- Exercise description -
Give back the listing in full and exactly, leaving out the images.

- Given information -
_ _ _ _ _

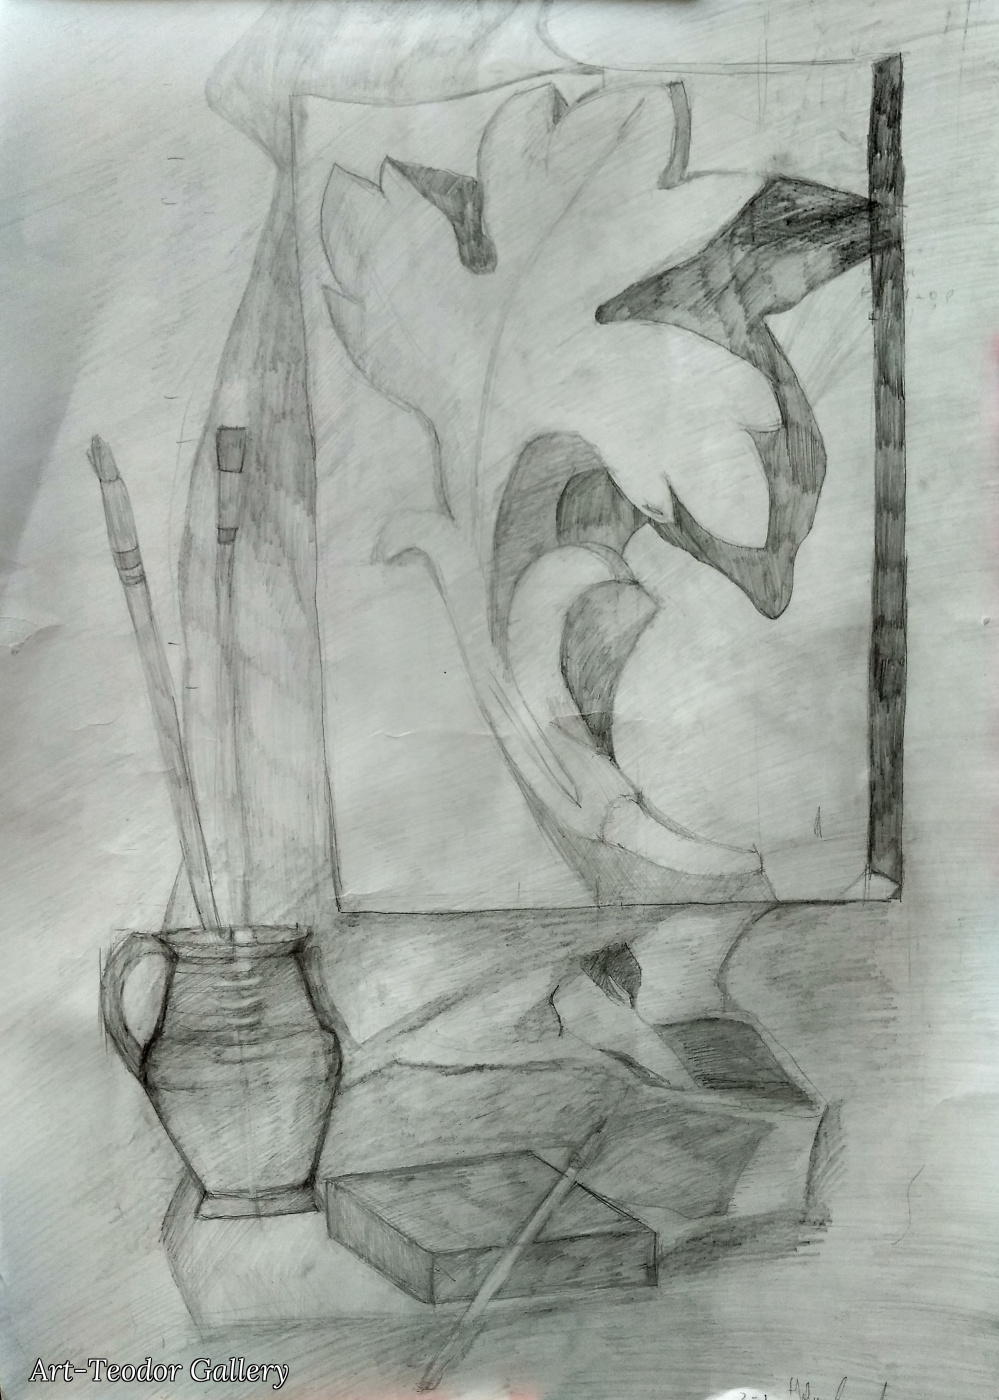 Art-Teodor Gallery. Творческий беспорядок
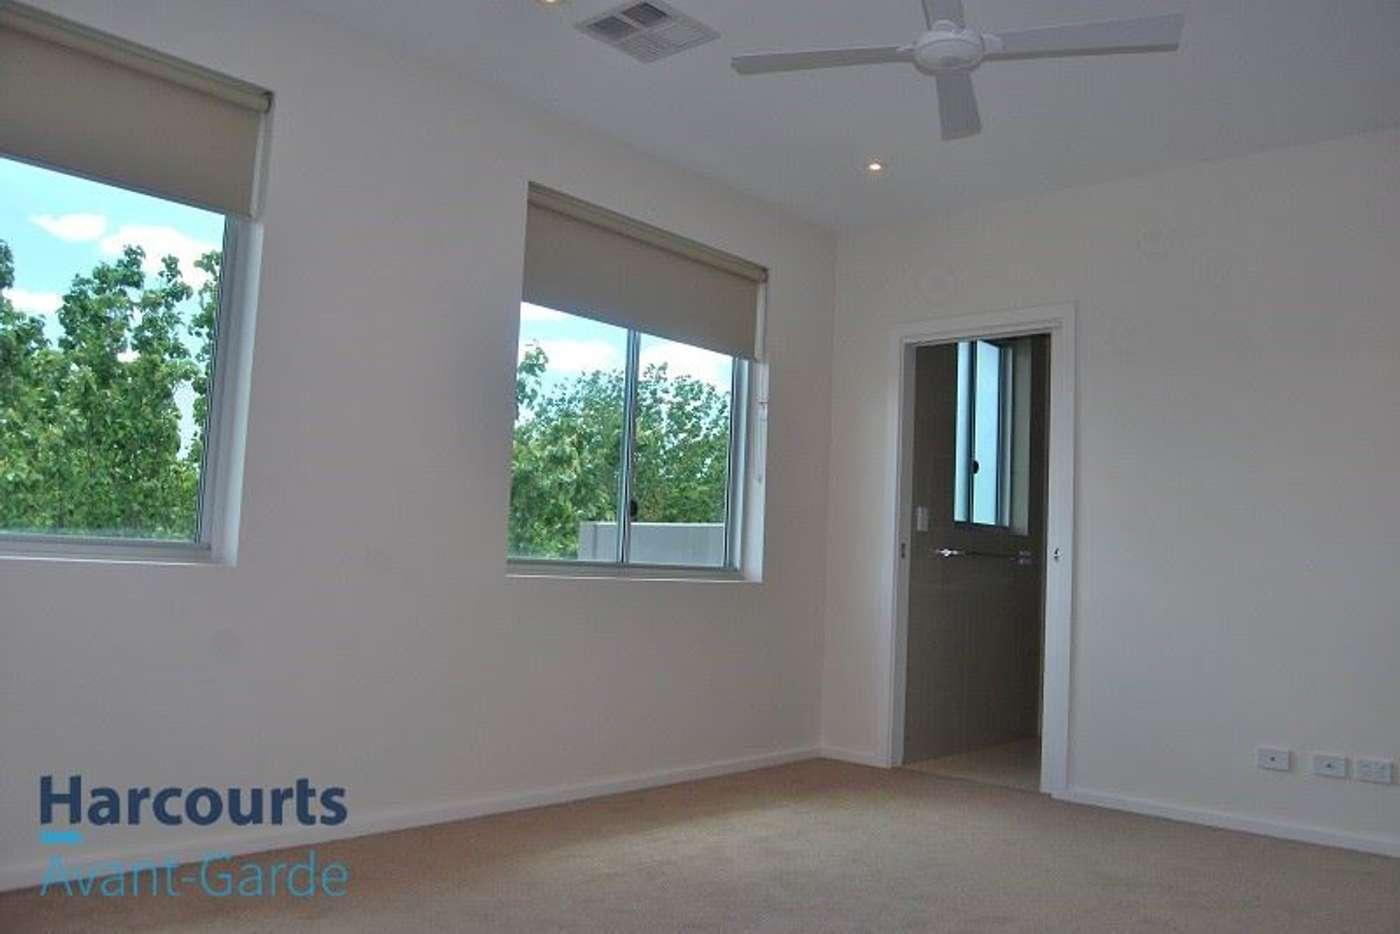 Seventh view of Homely townhouse listing, 191 Mawson Lakes Blvd, Mawson Lakes SA 5095
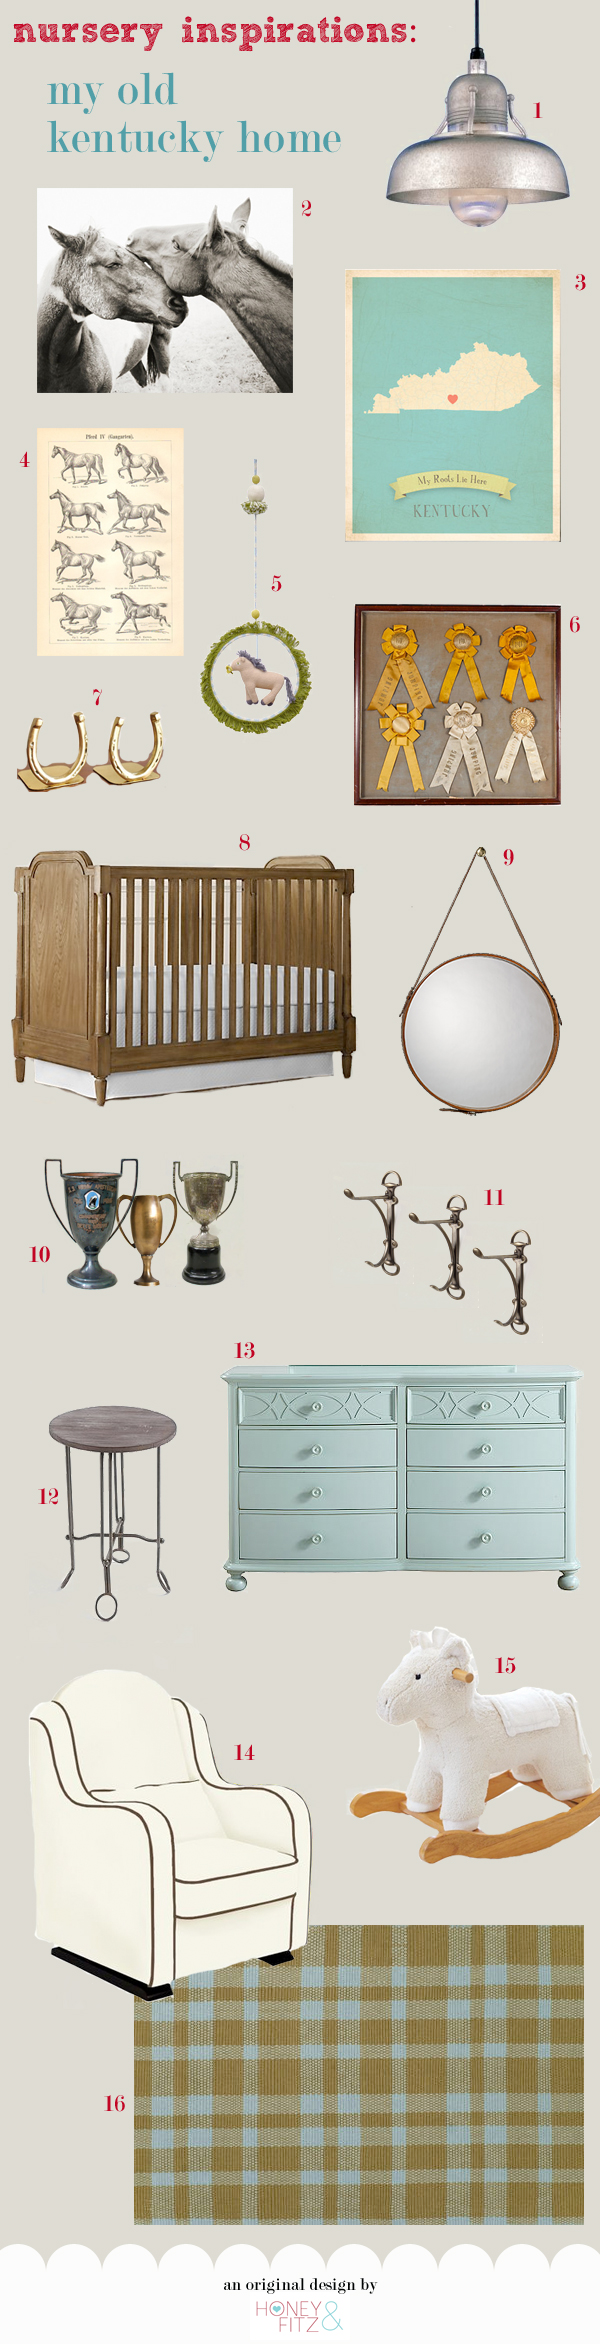 nursery-inspirations-my-old-kentucky-home

_ _ _ _ _

- Expected answer -
 Art-Teodor Gallery. Творческий беспорядок
 Seventh view of Homely townhouse listing, 191 Mawson Lakes Blvd, Mawson Lakes SA 5095
 nursery-inspirations-my-old-kentucky-home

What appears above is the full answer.